*** Recorded data ***
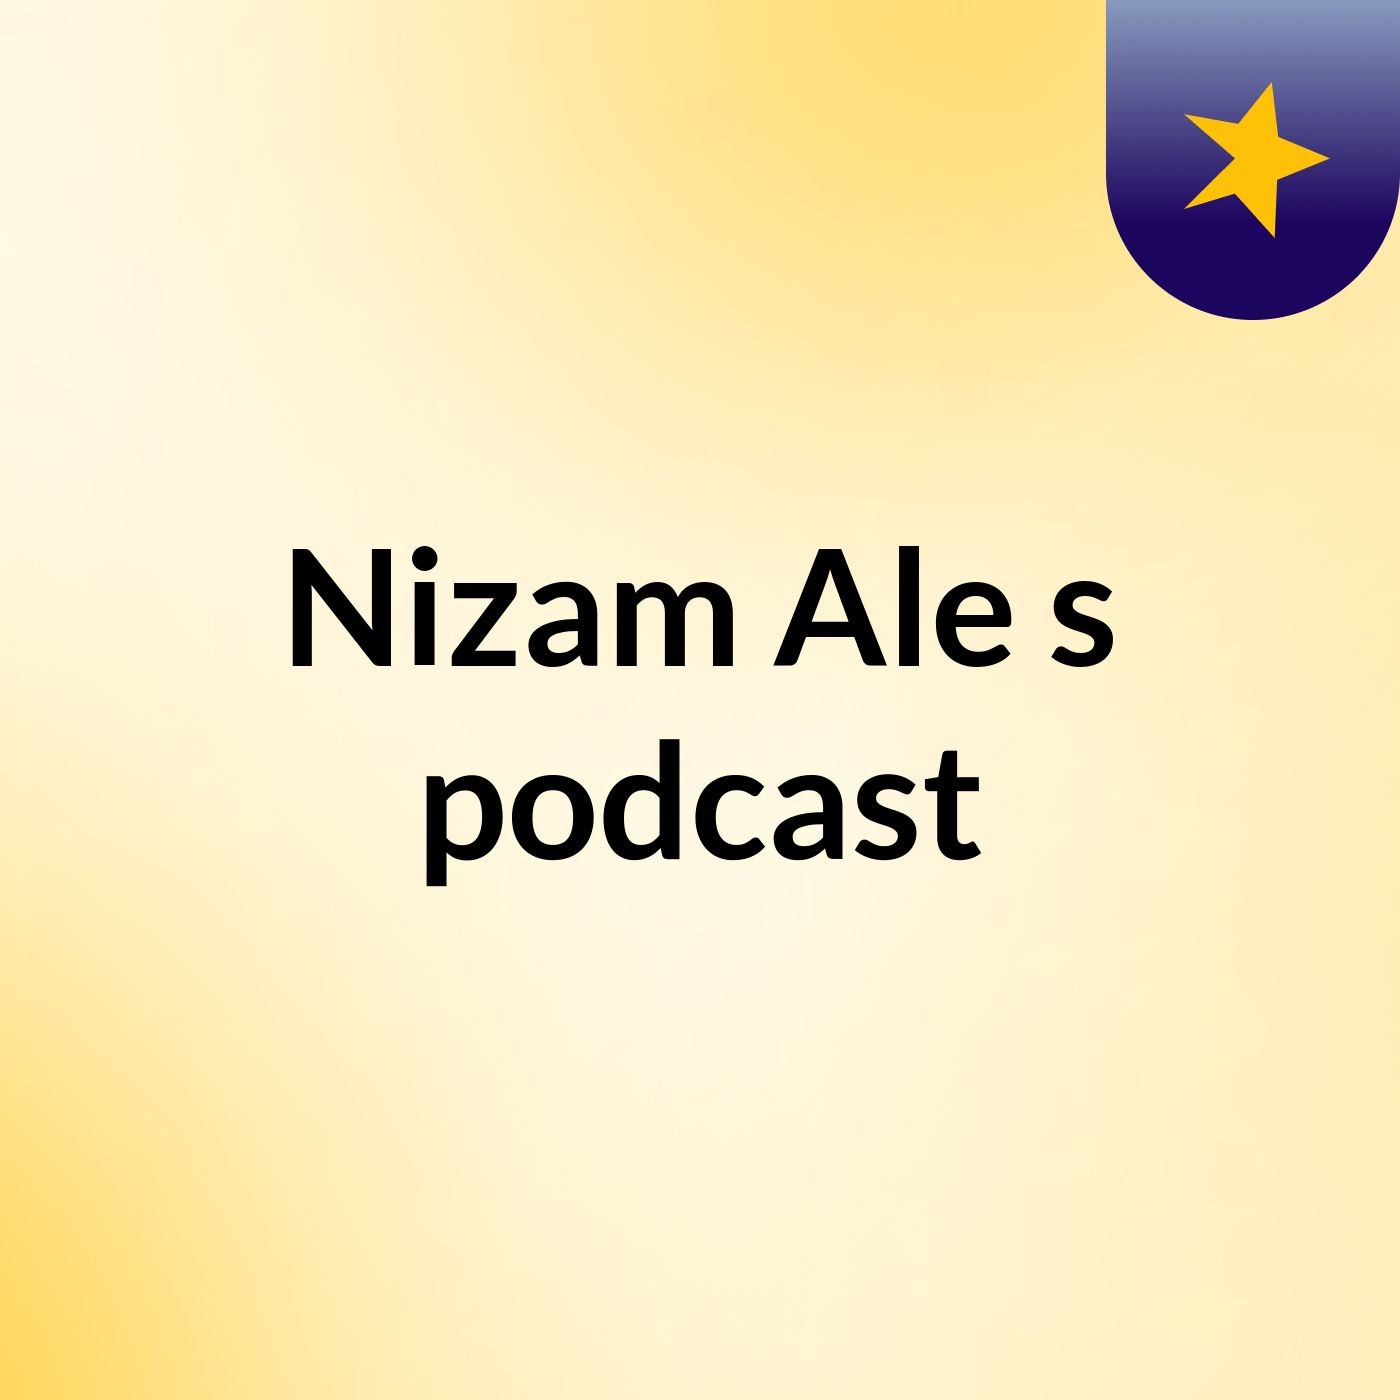 Nizam Ale's podcast
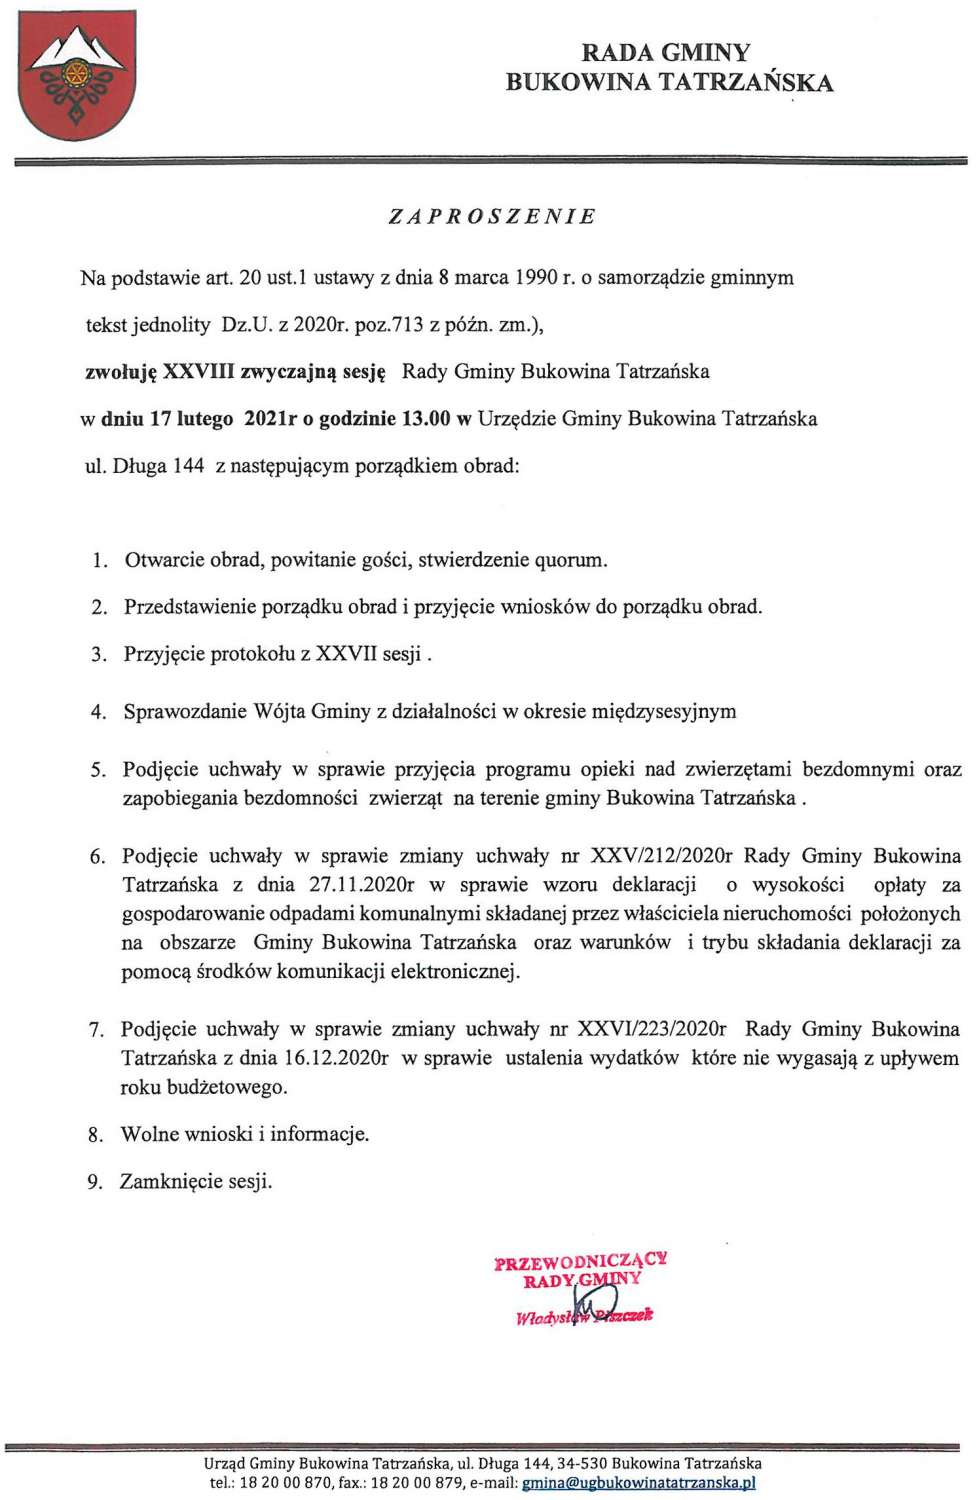 XXVIII zwyczajna sesja Rady Gminy Bukowina Tatrzańska w dniu 17 lutego 2021 - ZAPROSZENIE
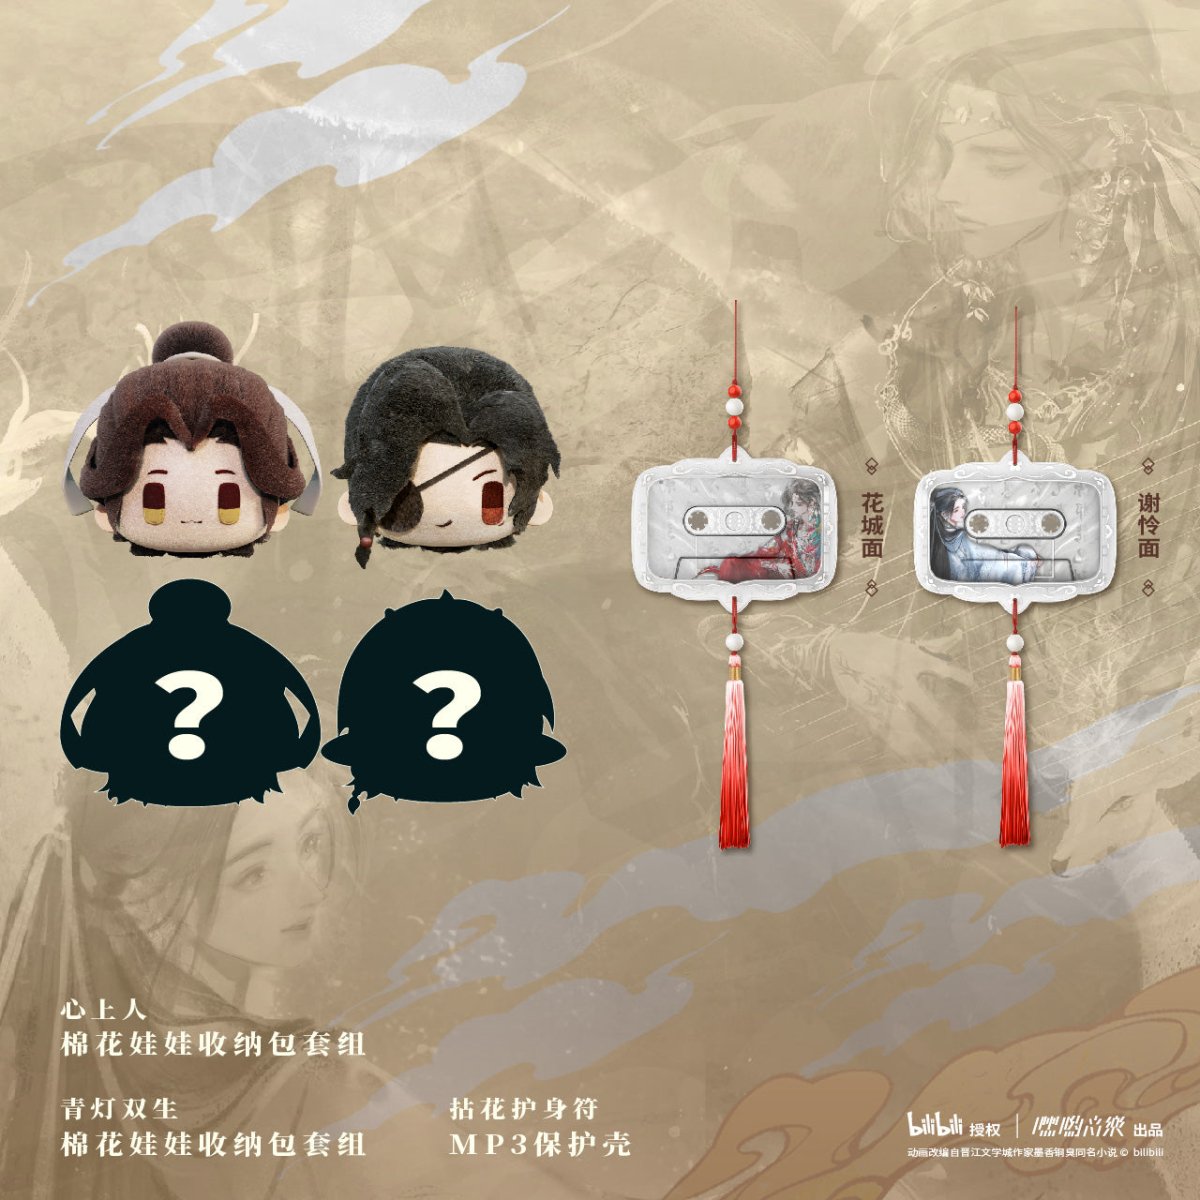 Heaven Official's Blessing | Tian Guan Ci Fu Dong Hua Hua & Lian MP3 Hei Yo Yin Yue- FUNIMECITY
*** End of Recorded data ***
▶ Exercise
Only the lines from the one with "XXVIII zwyczajna sesja" to the last line of the listing, inclusive, are to be set down, exactly as they stand and without pictures.

▶ Answer to this problem
 XXVIII zwyczajna sesja Rady Gminy Bukowina Tatrzańska w dniu 17 lutego 2021 - ZAPROSZENIE
 Heaven Official's Blessing | Tian Guan Ci Fu Dong Hua Hua & Lian MP3 Hei Yo Yin Yue- FUNIMECITY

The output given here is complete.